А капитан принялся навещать загривок. Усаживался на холмике, вдыхал полынь, глядел в гулкую степь. И подумалось ему так: а что, если по весне устроить в степи огородец да картошкой засадить? Из одной картошки, бывает, ведро получается. Будем у казахов мясо на картошку выменивать, а потом и свою скотину заведем, когда рота на картошке разбогатеет. Может, и не погонят из полка на пенсию, может, оставят при хозяйстве, если сделается полезным человеком. Он бы полк картошкой, мясом снабжал. Может, дали бы и досок, чтоб свой дом построить… И решил капитан, что дождется еще подвоза – и сколько картошки выделят, столько и зароет. А продержатся до всходов они и на крупе и жиром перебьются говяжьим.

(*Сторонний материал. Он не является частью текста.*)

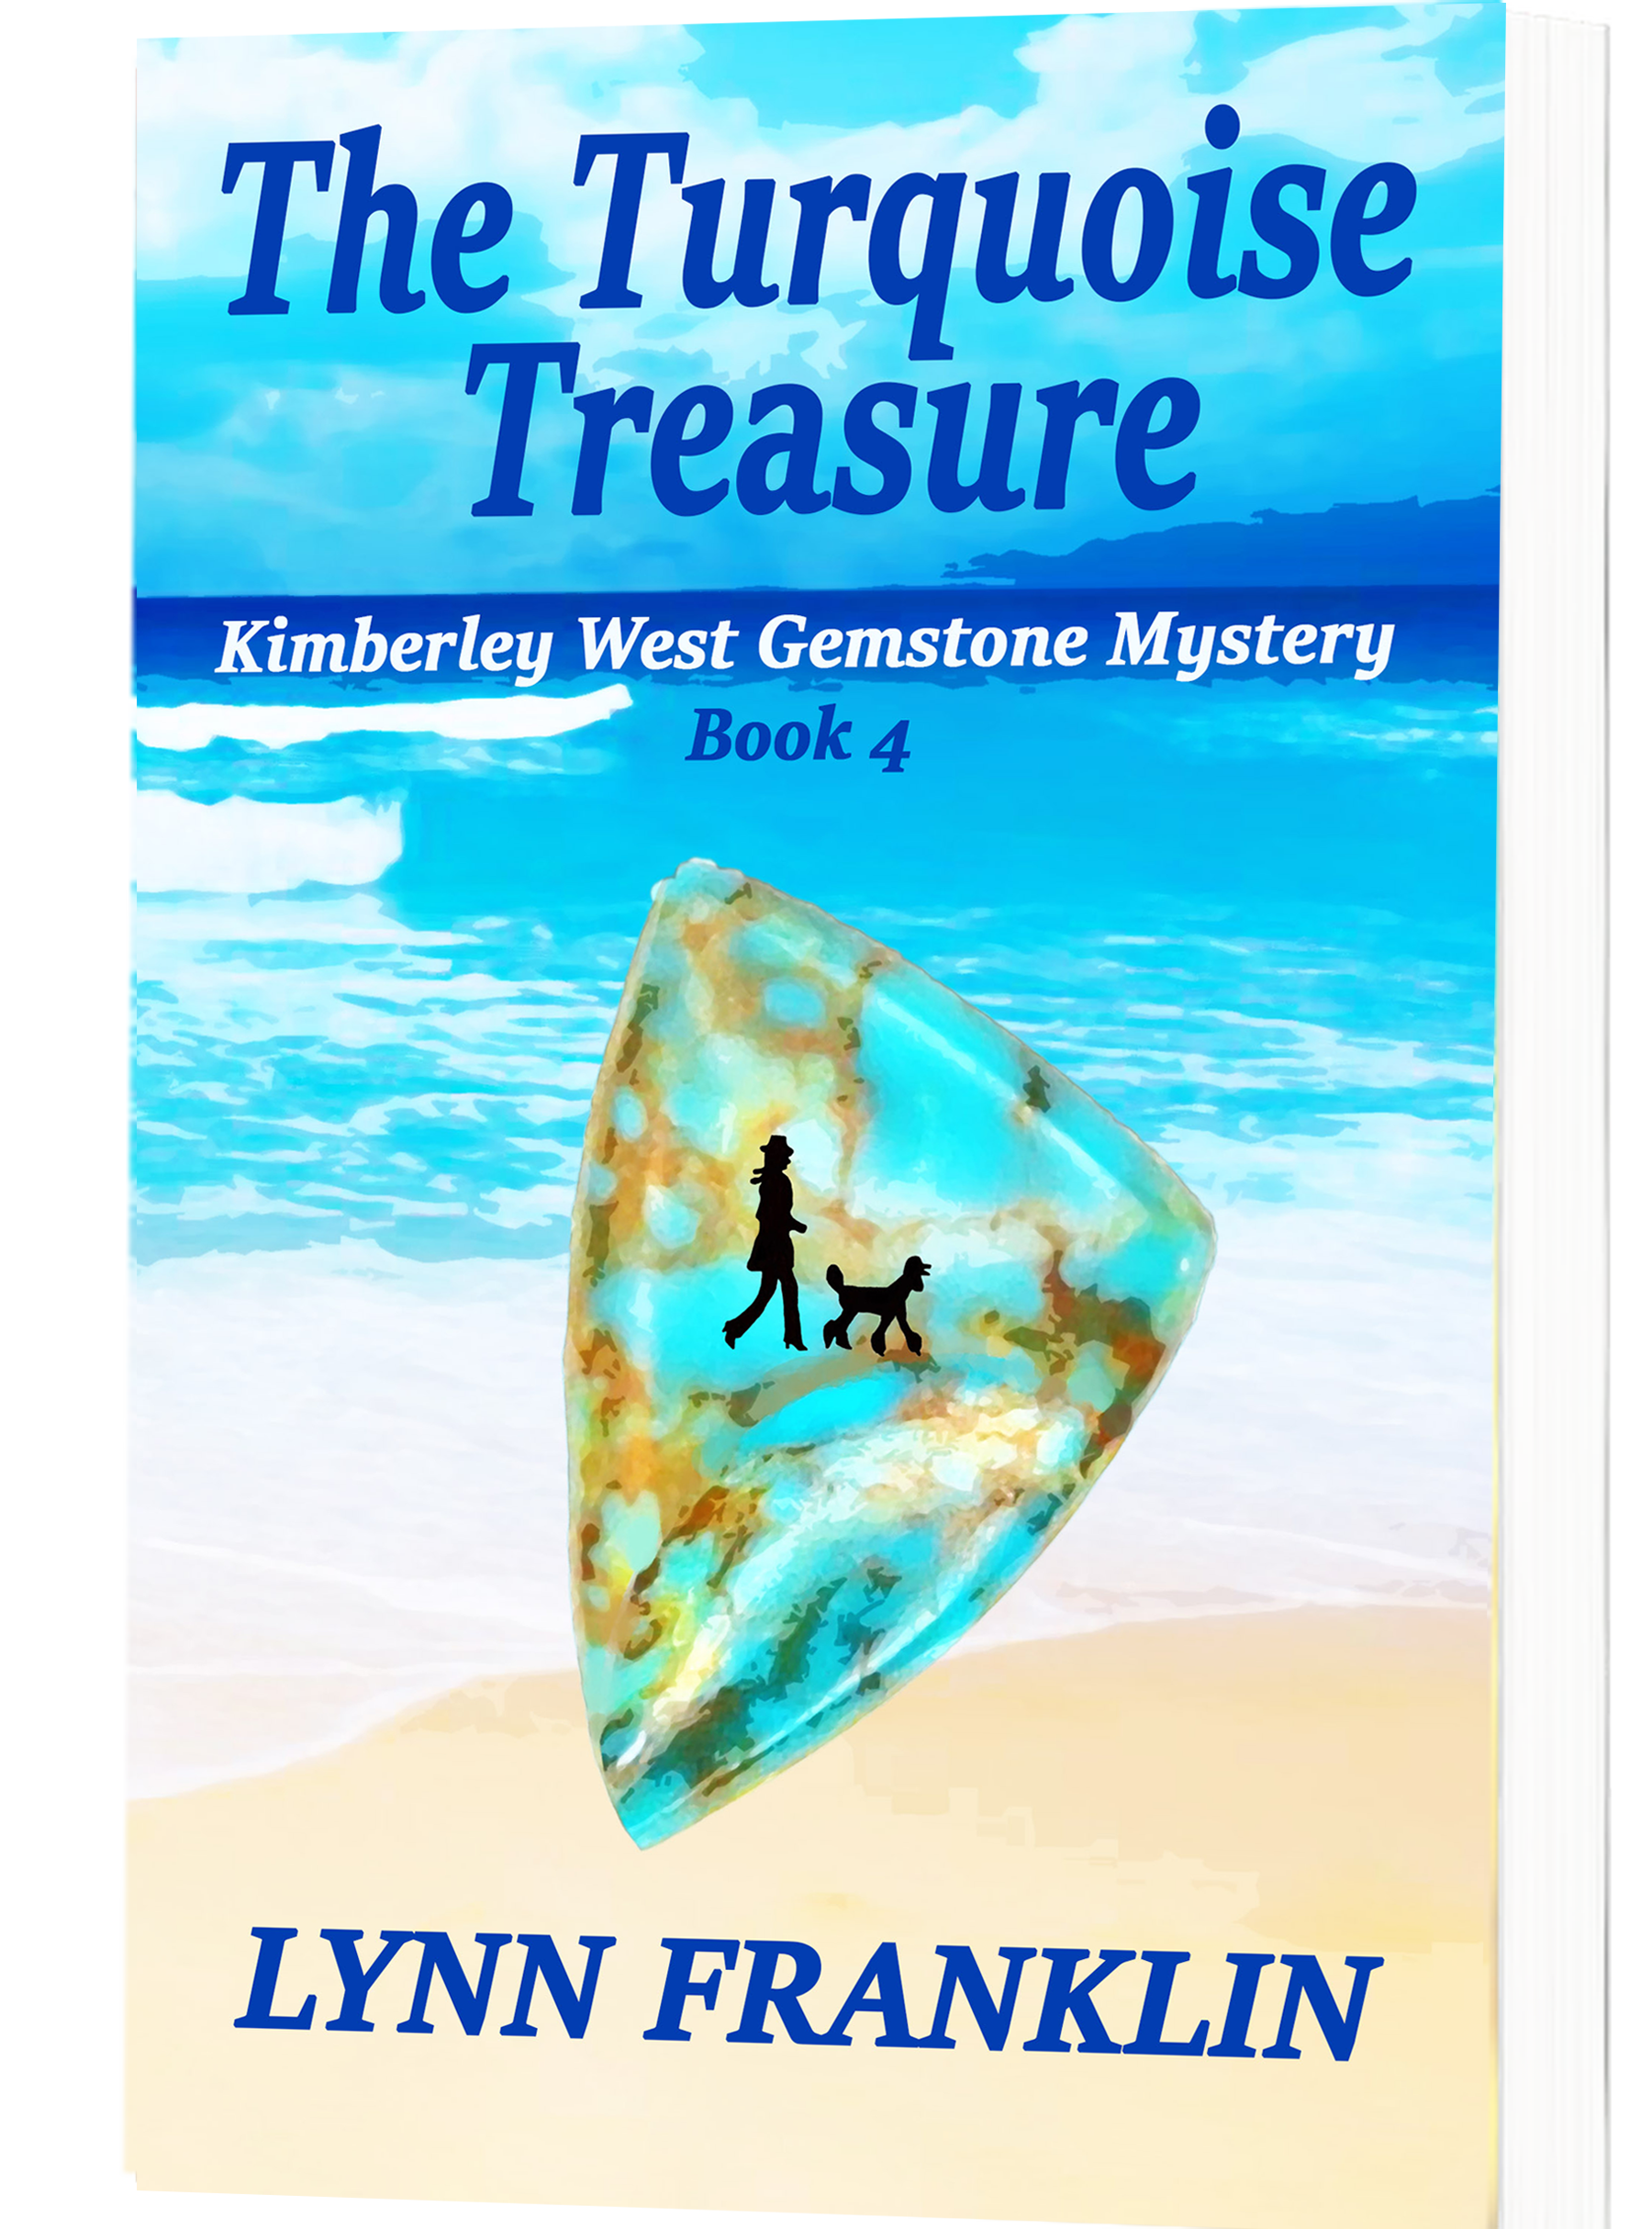 The Turquoise Treasure: Kimberley West Gemstone Mystery #4

Мухи, змеи, птицы и другие звери, пропавшие кто осенью, кто зимой, в поселке тогда еще не появлялись. И было ранней весной грустно жить, так как из живых на поверку только люди и вши оставались. А у этих тварей, которых даже не ухватишь, не разглядишь, обнаруживался свой русский характер: стоило человеку оголодать, отчаяться, как они тут же начинали во множестве на нем плодиться и делались такими же голодными, отчаянными. Унынье в поселке было повсеместным, даже воздух в помещениях навсегда прокис и кишел вшами, то есть был в некотором роде башковит и самостоятелен.
В тот первый день, когда грузовиком в Карабас была завезена картошка, капитан еще удержал людей. Заболтал, бедных, что надобно ее перебрать, чтобы определить, сколько сгодится и какую выгадать на каждого пайку. Перебирая, служивые украдкой жрали и сырую картошку – ее в полку подморозили, и она была рыхлой и сладкой. Капитан все углядел, но крик подымать не стал. Рассудил, что сырой изведут по малости, надеясь на завтрашний паек, и даже за пазуху прятать не станут.